What lines of the listing include the string "Deutschen"? Show them all.

>>>>

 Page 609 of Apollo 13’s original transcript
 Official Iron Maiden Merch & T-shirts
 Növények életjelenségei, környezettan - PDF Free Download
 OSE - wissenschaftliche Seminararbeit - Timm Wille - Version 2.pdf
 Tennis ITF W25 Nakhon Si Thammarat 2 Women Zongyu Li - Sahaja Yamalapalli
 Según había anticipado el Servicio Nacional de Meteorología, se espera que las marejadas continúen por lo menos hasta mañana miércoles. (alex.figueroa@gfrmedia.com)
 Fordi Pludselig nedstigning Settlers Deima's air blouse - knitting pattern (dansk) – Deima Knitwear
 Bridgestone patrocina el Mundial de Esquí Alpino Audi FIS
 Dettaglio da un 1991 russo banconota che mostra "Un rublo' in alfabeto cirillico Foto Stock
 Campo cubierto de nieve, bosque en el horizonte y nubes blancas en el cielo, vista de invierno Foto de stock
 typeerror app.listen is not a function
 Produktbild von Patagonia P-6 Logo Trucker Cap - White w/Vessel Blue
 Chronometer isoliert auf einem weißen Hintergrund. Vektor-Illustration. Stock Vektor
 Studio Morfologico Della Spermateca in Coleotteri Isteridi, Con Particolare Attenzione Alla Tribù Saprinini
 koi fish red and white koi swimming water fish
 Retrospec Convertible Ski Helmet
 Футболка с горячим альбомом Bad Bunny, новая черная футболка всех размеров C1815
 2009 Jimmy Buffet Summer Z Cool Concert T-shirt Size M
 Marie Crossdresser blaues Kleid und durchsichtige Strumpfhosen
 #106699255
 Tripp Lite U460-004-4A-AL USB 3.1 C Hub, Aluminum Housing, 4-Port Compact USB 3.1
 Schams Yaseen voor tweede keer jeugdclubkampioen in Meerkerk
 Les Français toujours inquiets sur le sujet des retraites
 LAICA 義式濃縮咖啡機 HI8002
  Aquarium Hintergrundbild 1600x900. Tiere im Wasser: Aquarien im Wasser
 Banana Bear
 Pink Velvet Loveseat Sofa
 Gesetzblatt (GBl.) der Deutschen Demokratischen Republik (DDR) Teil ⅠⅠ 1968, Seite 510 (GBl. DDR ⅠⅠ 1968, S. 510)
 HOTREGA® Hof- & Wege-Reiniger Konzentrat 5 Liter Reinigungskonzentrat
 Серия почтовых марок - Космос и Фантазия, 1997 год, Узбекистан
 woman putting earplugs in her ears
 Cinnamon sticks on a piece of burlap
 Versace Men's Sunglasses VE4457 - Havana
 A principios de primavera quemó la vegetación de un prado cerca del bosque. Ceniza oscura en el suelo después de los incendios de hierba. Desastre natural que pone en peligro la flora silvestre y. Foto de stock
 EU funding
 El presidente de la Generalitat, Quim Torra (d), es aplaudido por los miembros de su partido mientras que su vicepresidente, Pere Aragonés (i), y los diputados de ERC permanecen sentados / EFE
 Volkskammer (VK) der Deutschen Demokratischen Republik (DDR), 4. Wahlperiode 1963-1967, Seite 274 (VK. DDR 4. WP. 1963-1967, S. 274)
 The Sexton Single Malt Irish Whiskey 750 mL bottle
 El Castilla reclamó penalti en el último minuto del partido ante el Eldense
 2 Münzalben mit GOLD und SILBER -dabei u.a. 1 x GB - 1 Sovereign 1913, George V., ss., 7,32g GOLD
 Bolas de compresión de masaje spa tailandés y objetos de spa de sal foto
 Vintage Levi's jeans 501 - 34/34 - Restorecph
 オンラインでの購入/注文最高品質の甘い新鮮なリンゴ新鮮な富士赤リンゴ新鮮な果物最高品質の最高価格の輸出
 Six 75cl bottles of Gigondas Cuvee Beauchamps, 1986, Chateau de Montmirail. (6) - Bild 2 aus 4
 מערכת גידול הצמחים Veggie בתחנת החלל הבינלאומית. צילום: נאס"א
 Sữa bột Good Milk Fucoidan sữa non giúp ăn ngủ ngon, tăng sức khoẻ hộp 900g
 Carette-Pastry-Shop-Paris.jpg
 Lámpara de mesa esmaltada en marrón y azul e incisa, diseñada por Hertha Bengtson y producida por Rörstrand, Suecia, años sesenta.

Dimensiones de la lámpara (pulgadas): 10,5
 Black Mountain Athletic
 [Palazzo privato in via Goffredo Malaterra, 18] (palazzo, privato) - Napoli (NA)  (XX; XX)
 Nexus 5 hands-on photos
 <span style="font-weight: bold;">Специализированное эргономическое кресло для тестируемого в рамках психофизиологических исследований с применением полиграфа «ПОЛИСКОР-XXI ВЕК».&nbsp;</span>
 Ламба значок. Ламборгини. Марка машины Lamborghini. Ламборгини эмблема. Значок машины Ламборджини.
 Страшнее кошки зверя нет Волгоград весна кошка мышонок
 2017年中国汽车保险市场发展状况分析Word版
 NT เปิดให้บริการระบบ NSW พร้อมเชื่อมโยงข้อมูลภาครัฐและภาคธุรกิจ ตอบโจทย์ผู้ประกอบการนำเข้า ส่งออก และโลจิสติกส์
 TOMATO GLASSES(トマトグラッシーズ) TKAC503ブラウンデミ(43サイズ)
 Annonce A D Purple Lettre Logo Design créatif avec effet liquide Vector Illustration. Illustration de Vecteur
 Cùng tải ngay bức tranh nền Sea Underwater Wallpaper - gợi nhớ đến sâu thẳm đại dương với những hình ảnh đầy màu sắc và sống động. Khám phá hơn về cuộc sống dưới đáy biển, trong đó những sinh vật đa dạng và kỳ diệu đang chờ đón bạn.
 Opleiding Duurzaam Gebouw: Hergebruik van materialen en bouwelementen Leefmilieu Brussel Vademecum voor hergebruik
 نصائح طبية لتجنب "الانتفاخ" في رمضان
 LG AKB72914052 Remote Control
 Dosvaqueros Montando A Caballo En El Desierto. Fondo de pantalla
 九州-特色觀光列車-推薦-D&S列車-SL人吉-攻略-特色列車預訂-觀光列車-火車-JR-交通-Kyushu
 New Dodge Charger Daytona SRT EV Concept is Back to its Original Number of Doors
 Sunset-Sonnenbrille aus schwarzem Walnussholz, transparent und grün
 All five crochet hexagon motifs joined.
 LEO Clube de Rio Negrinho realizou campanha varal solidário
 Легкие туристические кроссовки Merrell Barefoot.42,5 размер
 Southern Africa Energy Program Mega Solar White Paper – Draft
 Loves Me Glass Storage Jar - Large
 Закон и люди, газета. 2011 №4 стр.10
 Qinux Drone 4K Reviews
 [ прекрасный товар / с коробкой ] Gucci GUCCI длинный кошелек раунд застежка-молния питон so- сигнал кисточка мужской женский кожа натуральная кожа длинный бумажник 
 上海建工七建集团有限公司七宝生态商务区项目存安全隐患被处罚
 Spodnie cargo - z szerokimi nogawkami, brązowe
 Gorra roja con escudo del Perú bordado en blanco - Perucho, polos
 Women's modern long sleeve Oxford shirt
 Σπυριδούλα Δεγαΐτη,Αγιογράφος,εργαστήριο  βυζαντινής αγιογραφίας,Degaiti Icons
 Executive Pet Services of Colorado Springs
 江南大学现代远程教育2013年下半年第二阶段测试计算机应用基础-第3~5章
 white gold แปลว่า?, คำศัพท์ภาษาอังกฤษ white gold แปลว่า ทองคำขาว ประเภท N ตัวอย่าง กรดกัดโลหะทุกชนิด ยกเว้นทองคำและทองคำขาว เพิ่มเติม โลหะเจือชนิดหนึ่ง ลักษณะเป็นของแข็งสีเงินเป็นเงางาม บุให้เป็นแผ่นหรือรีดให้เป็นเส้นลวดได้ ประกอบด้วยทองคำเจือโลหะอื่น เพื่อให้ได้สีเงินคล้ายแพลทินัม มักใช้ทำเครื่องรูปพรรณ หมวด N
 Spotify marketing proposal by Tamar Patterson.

<<<<

Output:
 Gesetzblatt (GBl.) der Deutschen Demokratischen Republik (DDR) Teil ⅠⅠ 1968, Seite 510 (GBl. DDR ⅠⅠ 1968, S. 510)
 Volkskammer (VK) der Deutschen Demokratischen Republik (DDR), 4. Wahlperiode 1963-1967, Seite 274 (VK. DDR 4. WP. 1963-1967, S. 274)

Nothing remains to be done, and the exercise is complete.